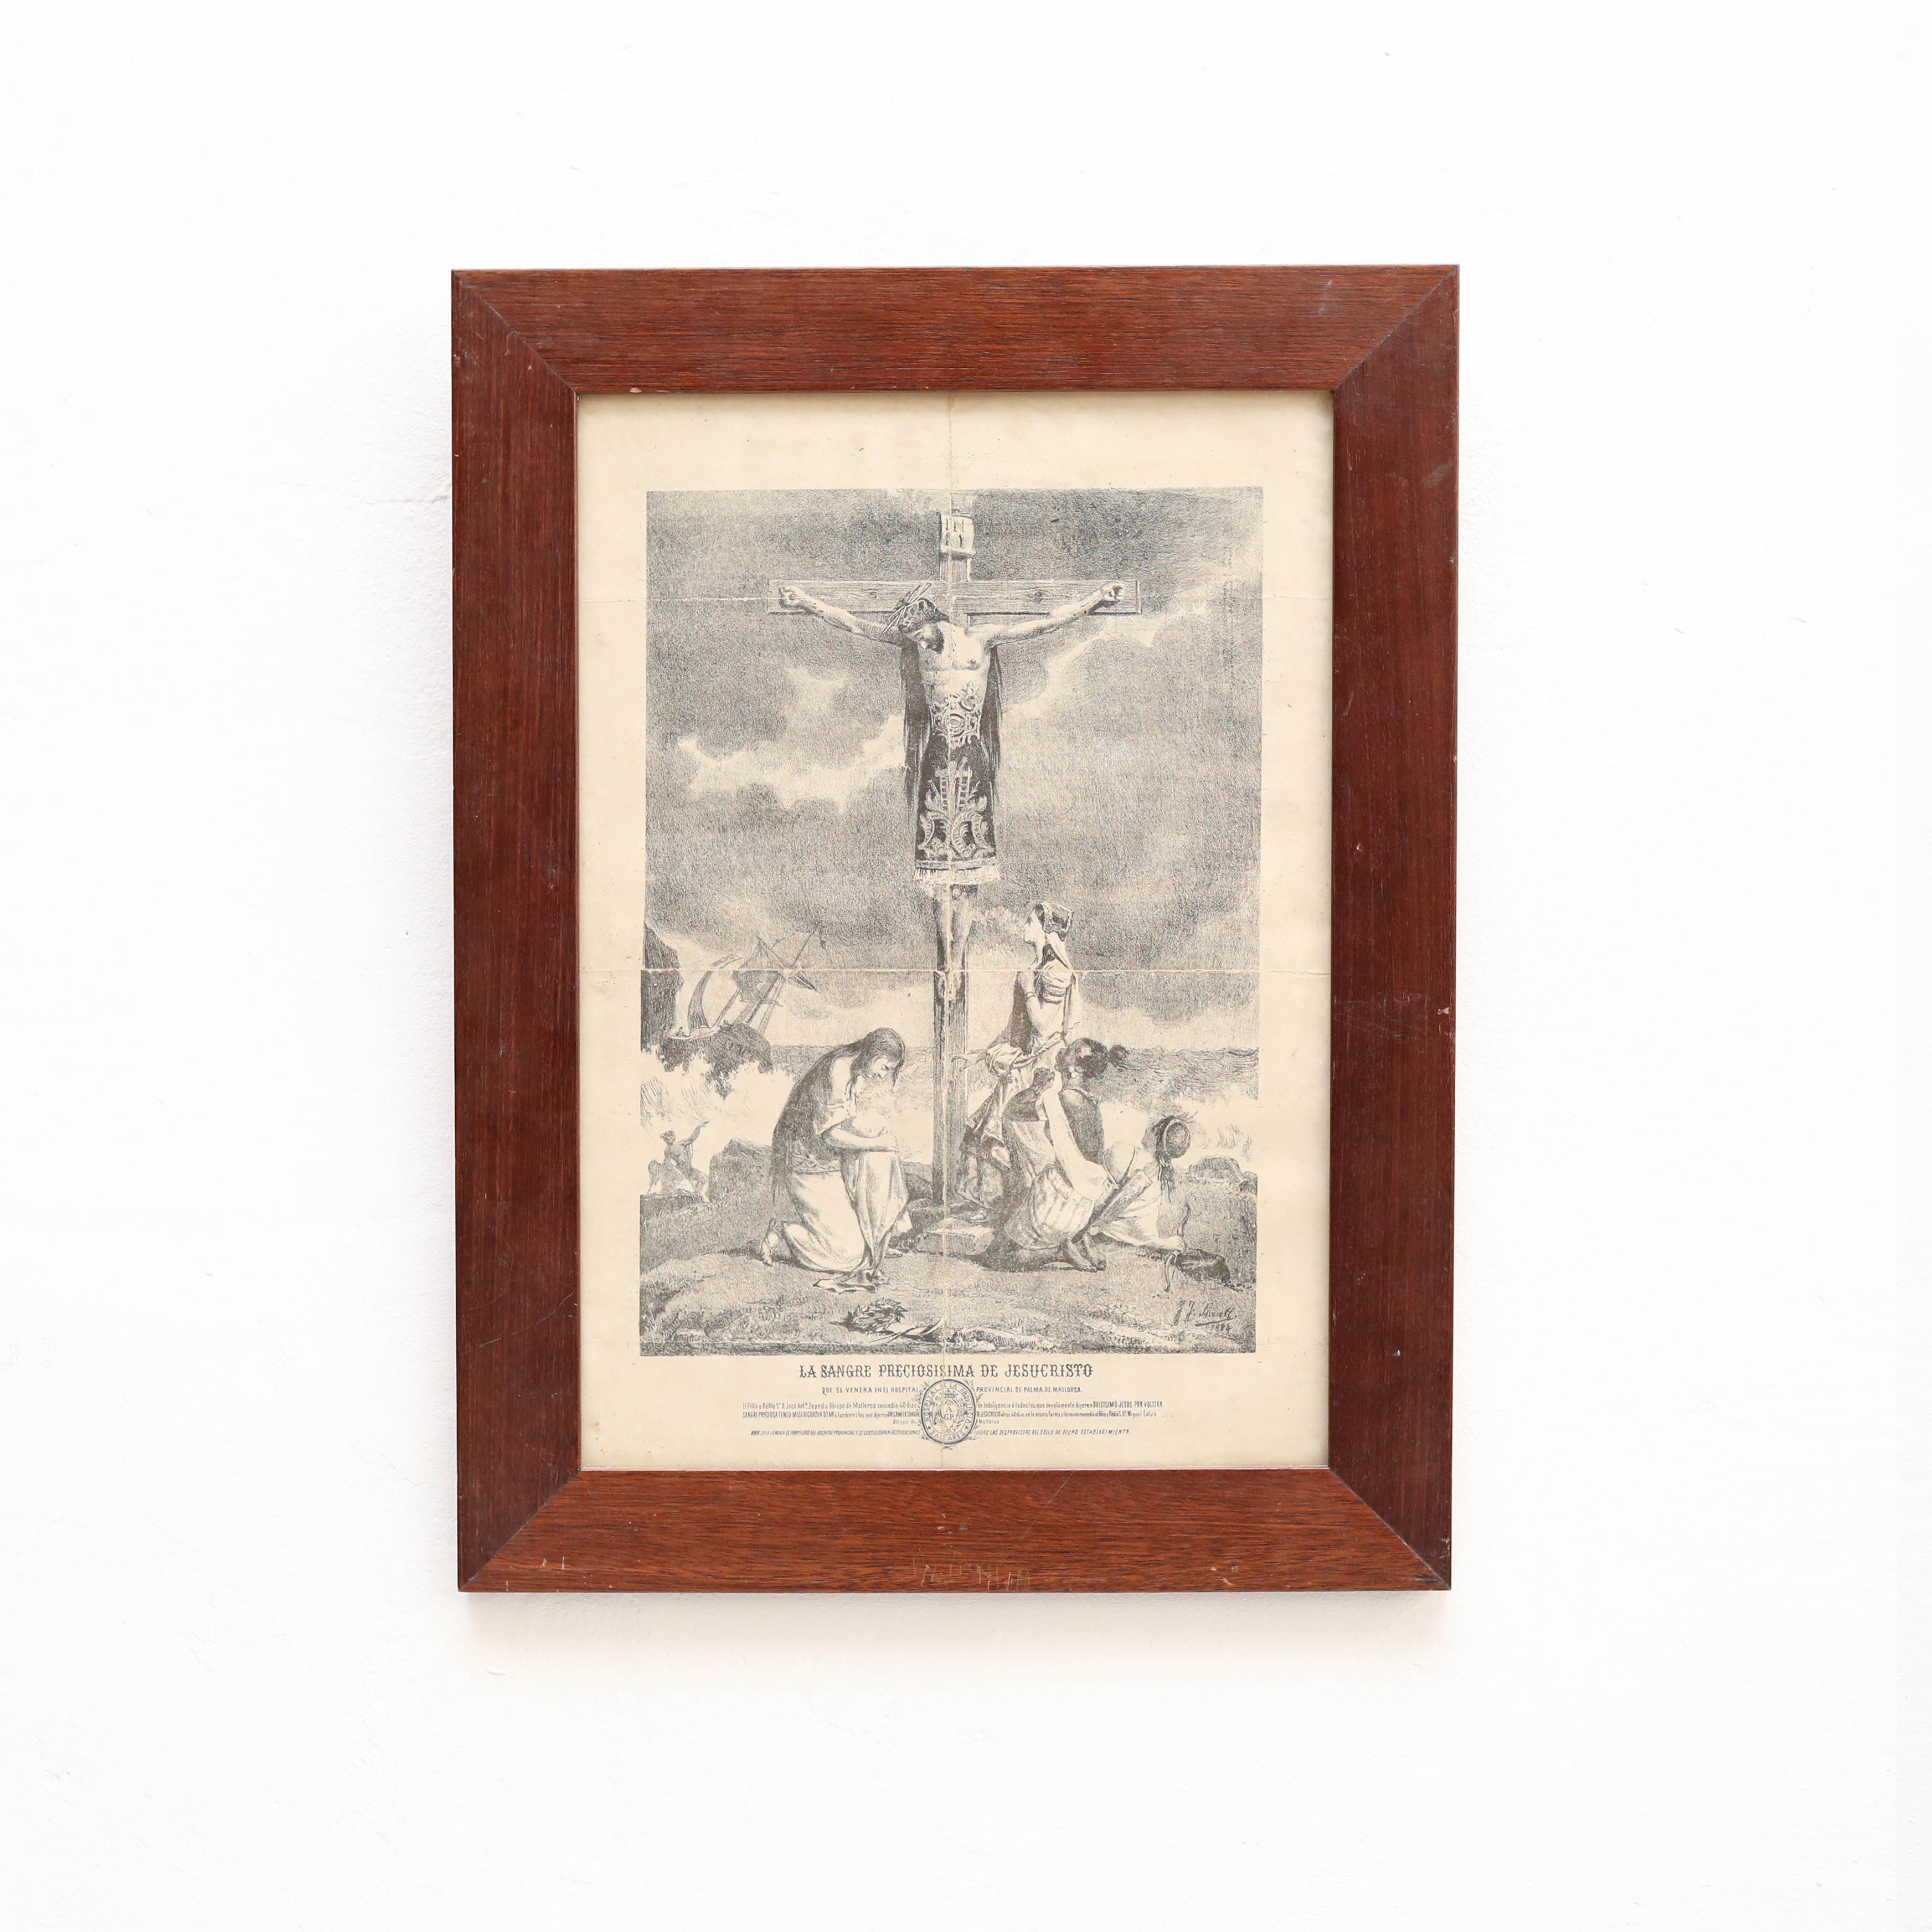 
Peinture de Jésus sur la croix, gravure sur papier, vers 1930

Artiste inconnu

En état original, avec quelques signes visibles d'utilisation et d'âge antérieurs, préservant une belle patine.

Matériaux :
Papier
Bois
· · · · ·
* Task directions
Output the listing above exactly, but leave its pictures behind.

* Exercise result
Peinture de Jésus sur la croix, gravure sur papier, vers 1930

Artiste inconnu

En état original, avec quelques signes visibles d'utilisation et d'âge antérieurs, préservant une belle patine.

Matériaux :
Papier
Bois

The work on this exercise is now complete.